MACD Overbought and Oversold Signals

Figure 2 – Chart Created by TradingView

Despite lacking defined boundaries, the MACD
can identify overbought and oversold conditions. Experienced traders assess
historical extremes to identify these areas. This is similar to locating support
and resistance
areas on a price chart and
extending them to the right, but instead, this is done on the indicator.

In Figure 3, previous extremes were marked
using the areas in red (circles) and extended to the right. Aside from an active
push higher in April 2024, the highlighted borders have served well as
overbought and oversold areas in the past few years. As a result, when price
tests these extreme areas, buyers (sellers) could be overheated, and a
correction (pullback) in price could materialise.
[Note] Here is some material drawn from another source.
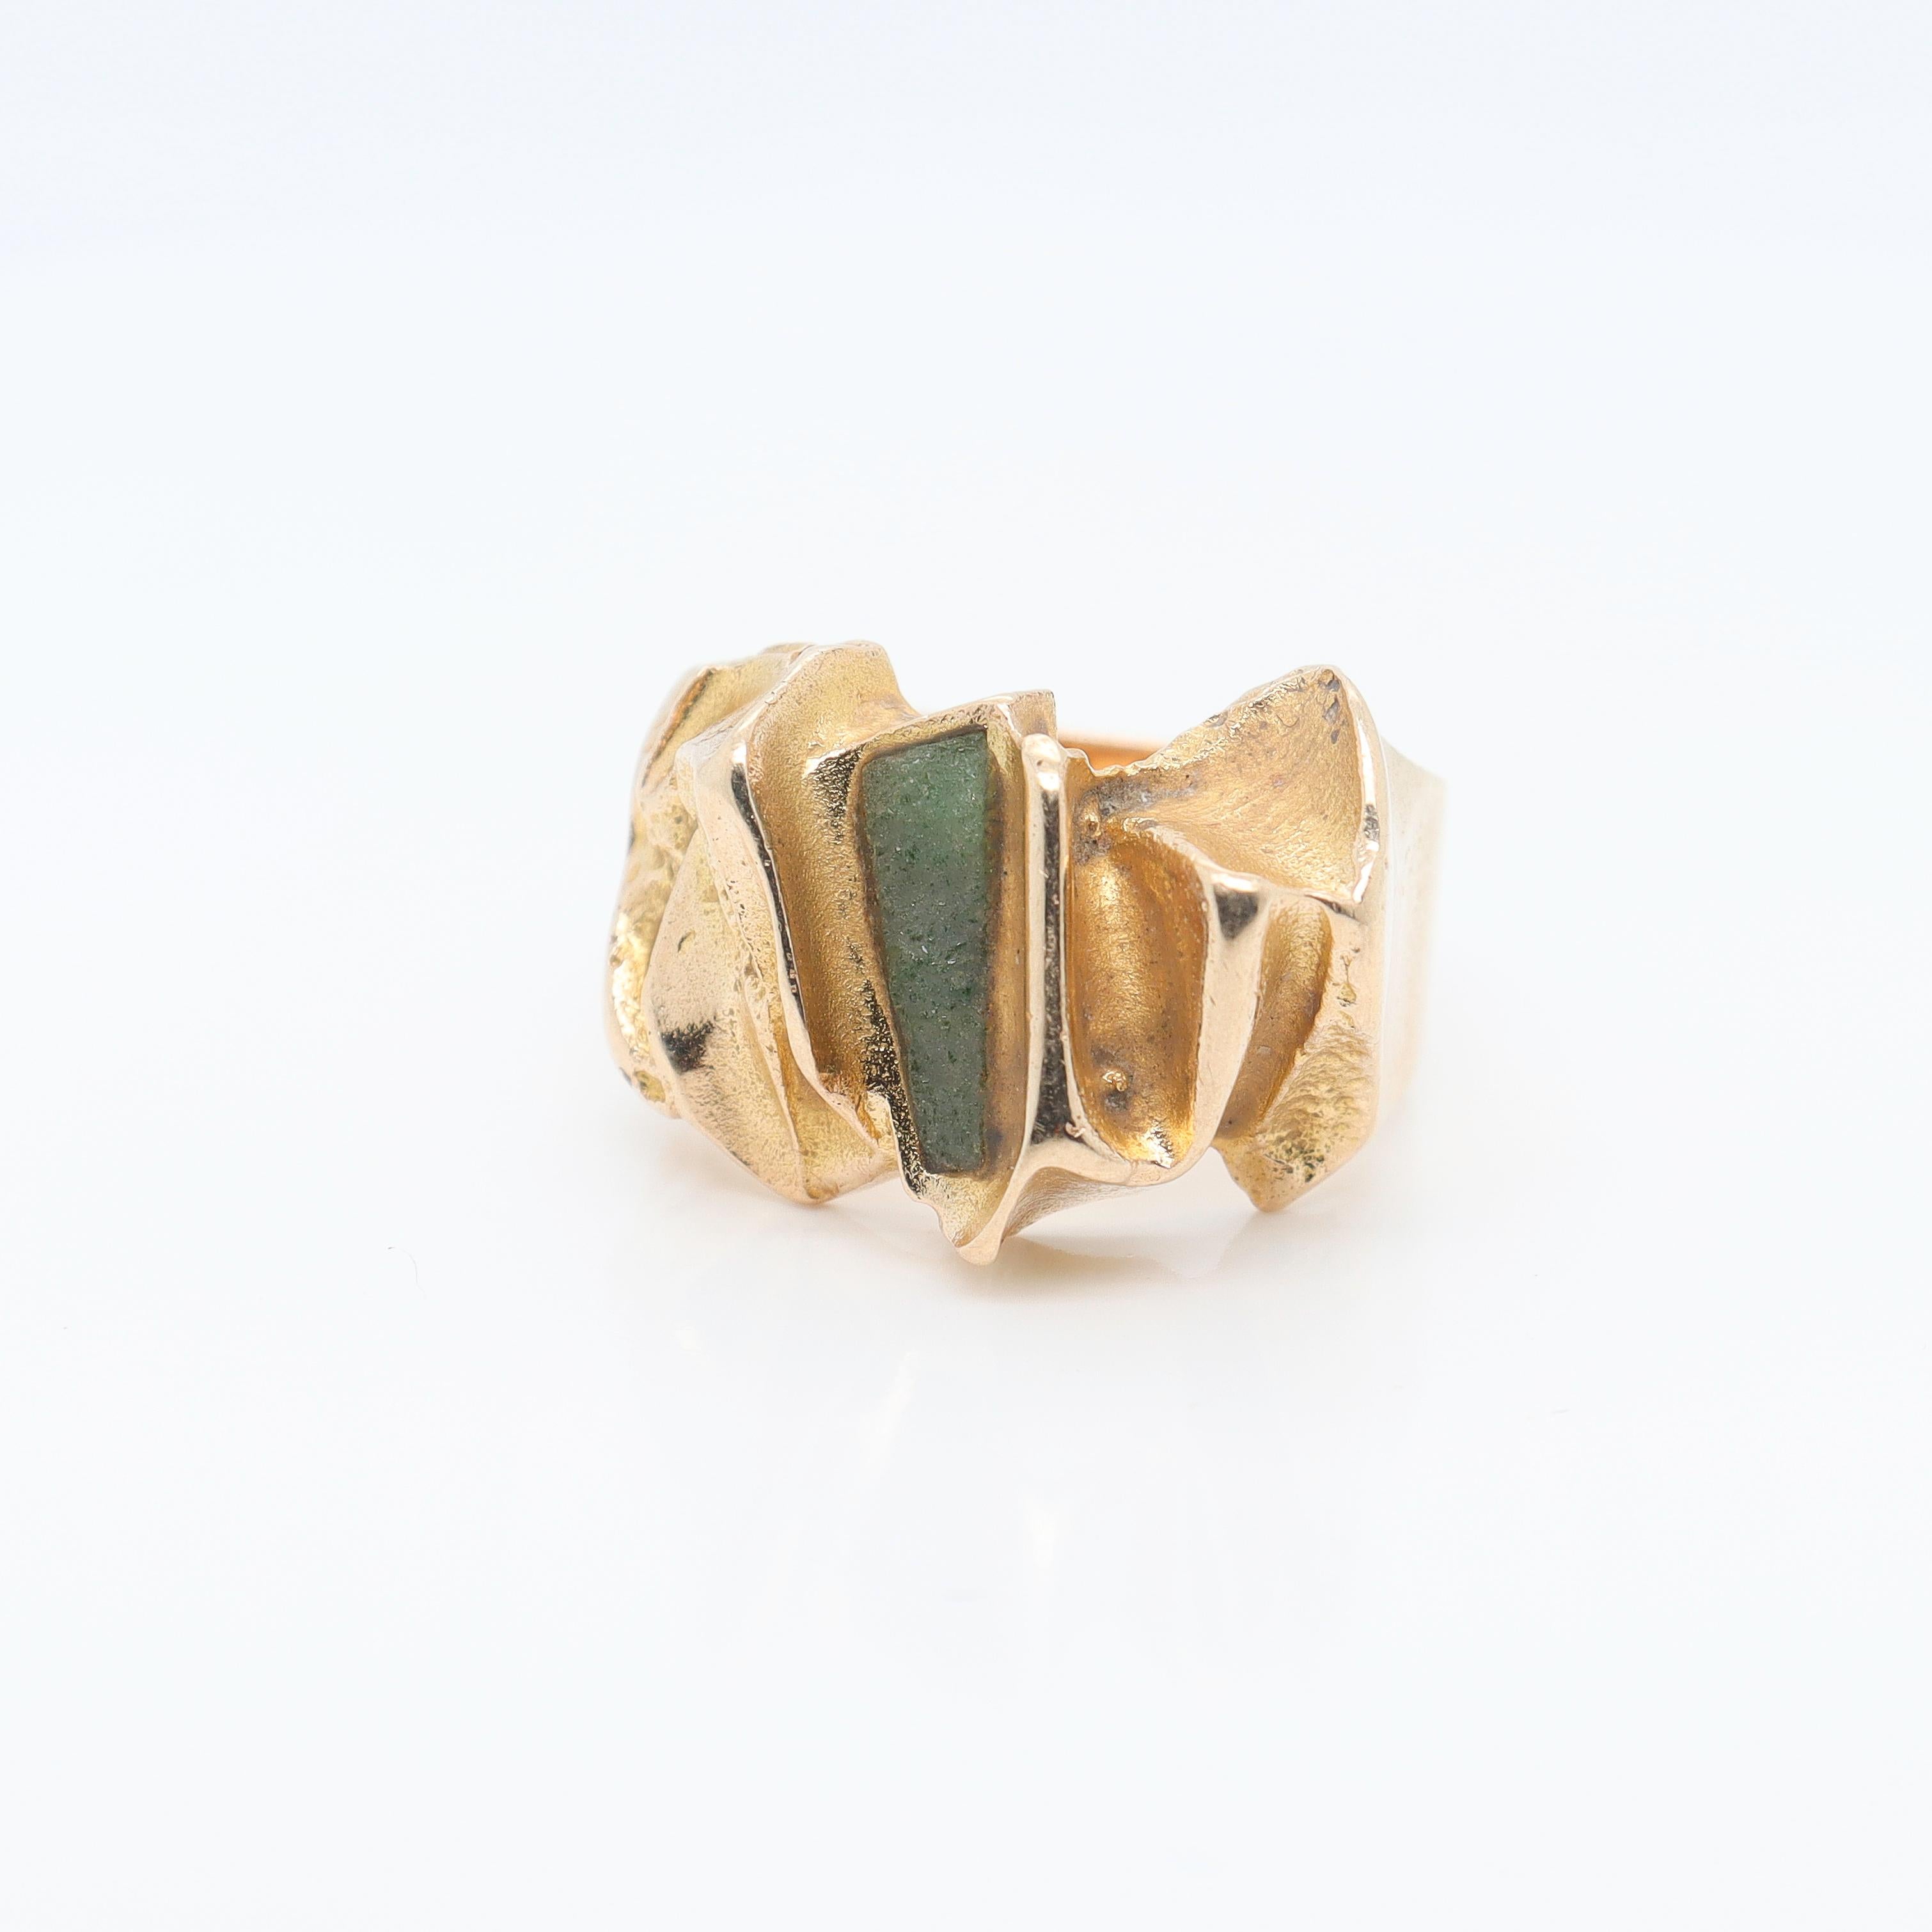 Björn Weckström Scandanavian Mid-Century Modernist 14k Gold and Zoisite Ring In Good Condition For Sale In Philadelphia, PA
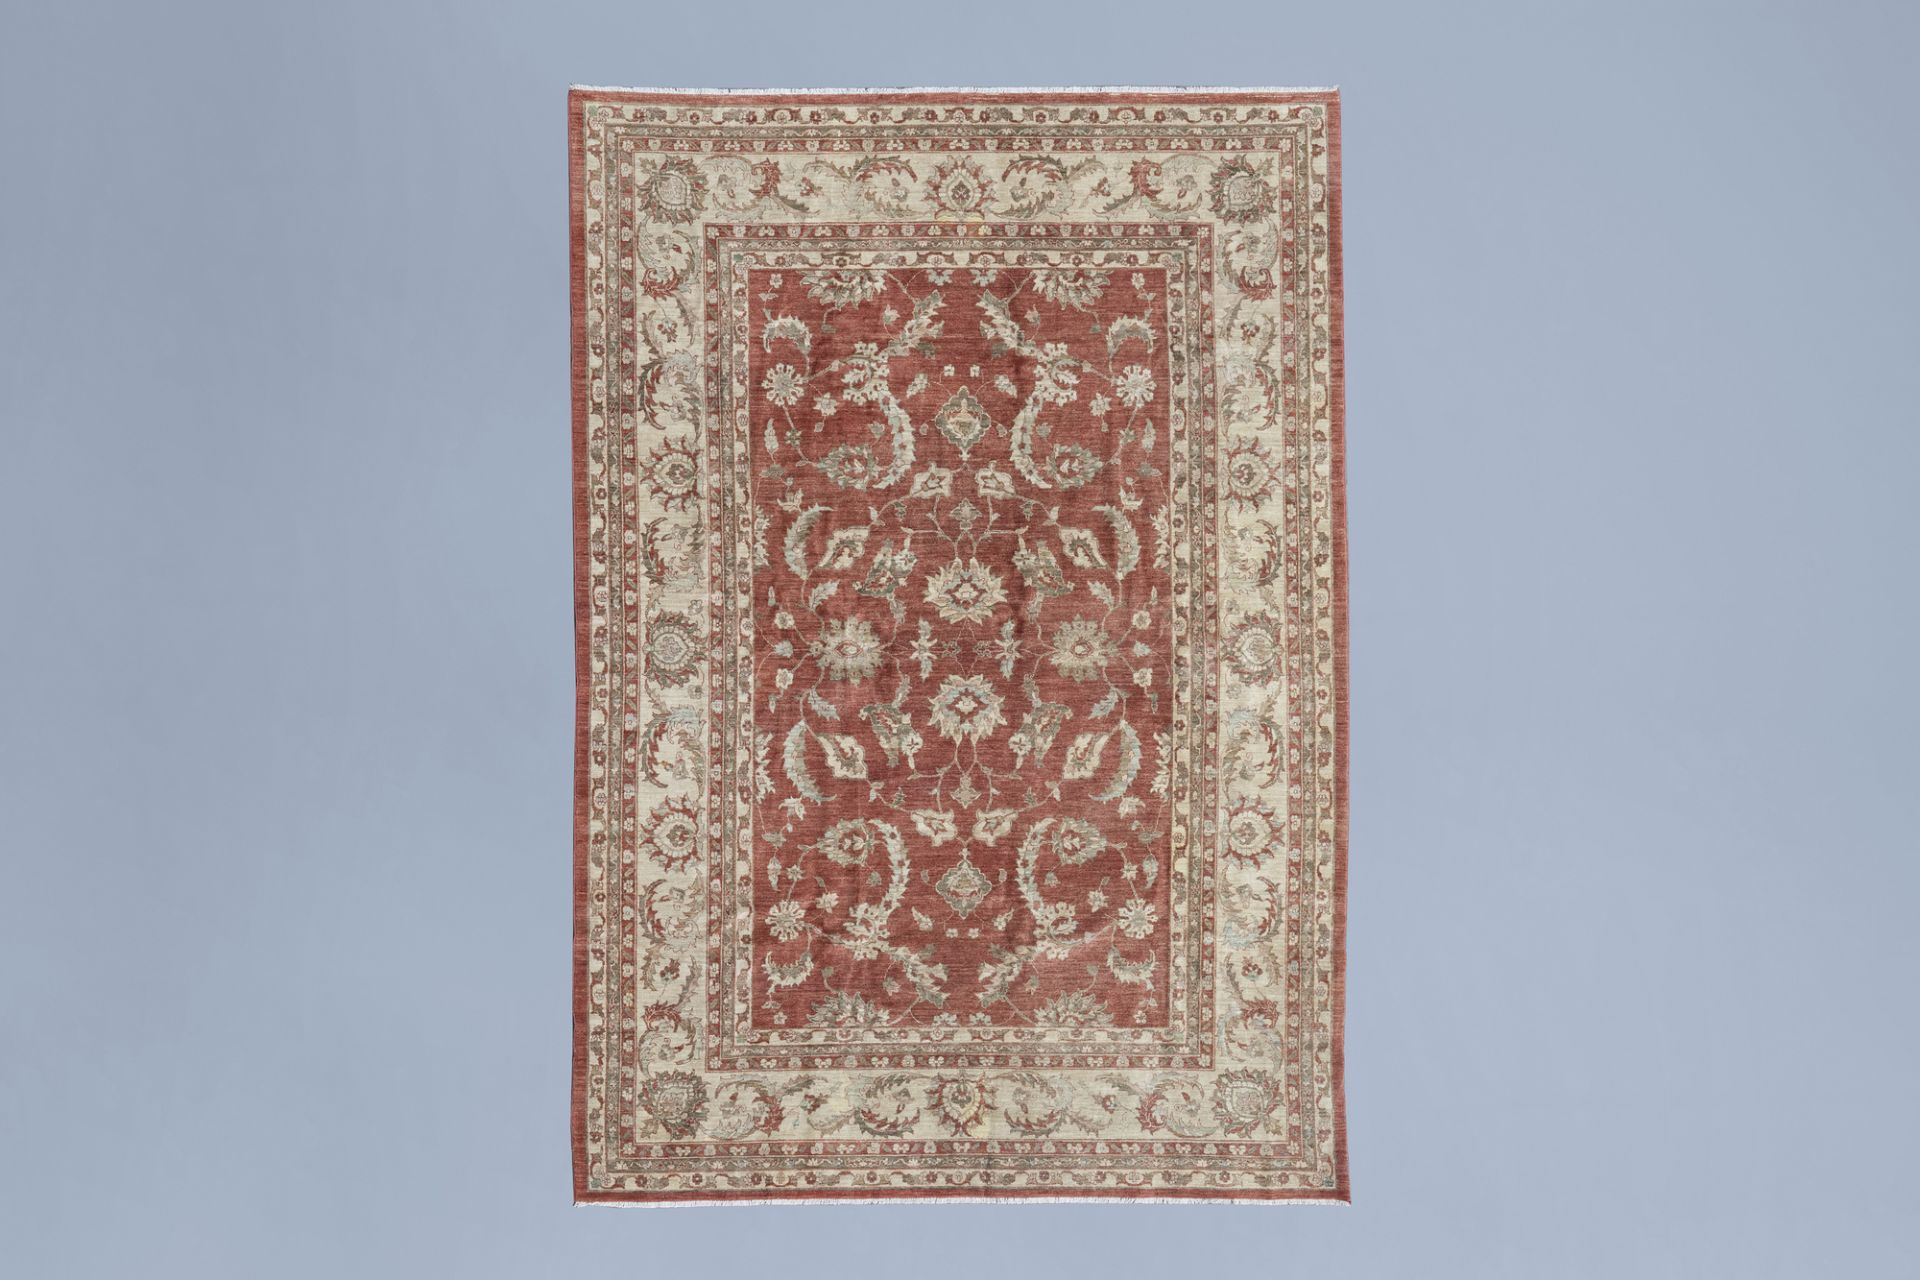 An Afghan rug with Ziegler design, wool on cotton, mid 20th C.

Figure 3 – Chart Created by TradingView

MACD Divergence

The MACD Divergence signal is a valuable part
of the MACD indicator. Like other momentum oscillators, a divergence signal arises
when the indicator and price diverge: one trends higher while the other trends
lower.

For the MACD indicator, the focus is on the
MACD Line. Figure 4 demonstrates a downward trending market, following price
forming a top in March 2022 (red circle). Momentum began slowing in the second
half of 2022, portrayed through the MACD Line forming a higher low (as you
would find in a regular uptrend on a price chart), while price movement
established a lower low (as you would find in a standard downtrend). This
divergence shows that momentum to the downside is slowing, and a trend reversal
may unfold. This is called regular positive divergence, when the indicator
leads price
action
. An example of regular bearish divergence
was also seen in 2023, shown through price forming higher highs and the MACD
Line failing to follow suit.

MACD Histogram

Figure 4 – Chart Created by TradingView

As already emphasised, the MACD Histogram
represents the difference between the MACD Line and the Signal Line.
Consequently, traders use the MACD Histogram to estimate MACD crossovers
through divergences.

In strong moving markets, the MACD Line and
Signal Line diverge. In a strong uptrend, the MACD Line will rise above the
Signal Line, for example. However, when upside momentum slows, the MACD Line
and Signal Line converge. The MACD Histogram provides an early warning signal
of convergence and a possible crossover, as shown in Figure 5. Between February
and March 2023, the MACD Line and the Signal Line were diverging and moving
lower. At the same time, though, the MACD Histogram was rising, suggesting that
the MACD Line and Signal Line may converge and eventually pencil in a bullish
crossover.

Figure 5 – Chart Created by TradingView

MACD FAQs

1. What
is the MACD?

The MACD, or Moving Average Convergence
Divergence, is a well-known technical
indicator
that helps traders assess trend strength
and identify possible turning points in price.

2. How
do we interpret MACD signals?

As explained in the article, MACD signals take
the form of crossovers, overbought and oversold indications, and divergences to
ultimately assess a market’s trend strength.

3. Do
traders prefer one signal over another?

Most traders underline the importance of
divergence signals at extremes. This means finding divergence signals at
overbought and oversold areas.

However, it must be noted that the MACD signals
are just that: signals. They do not guarantee that price will do as
suggested. This is why back testing trading strategies is vitally important.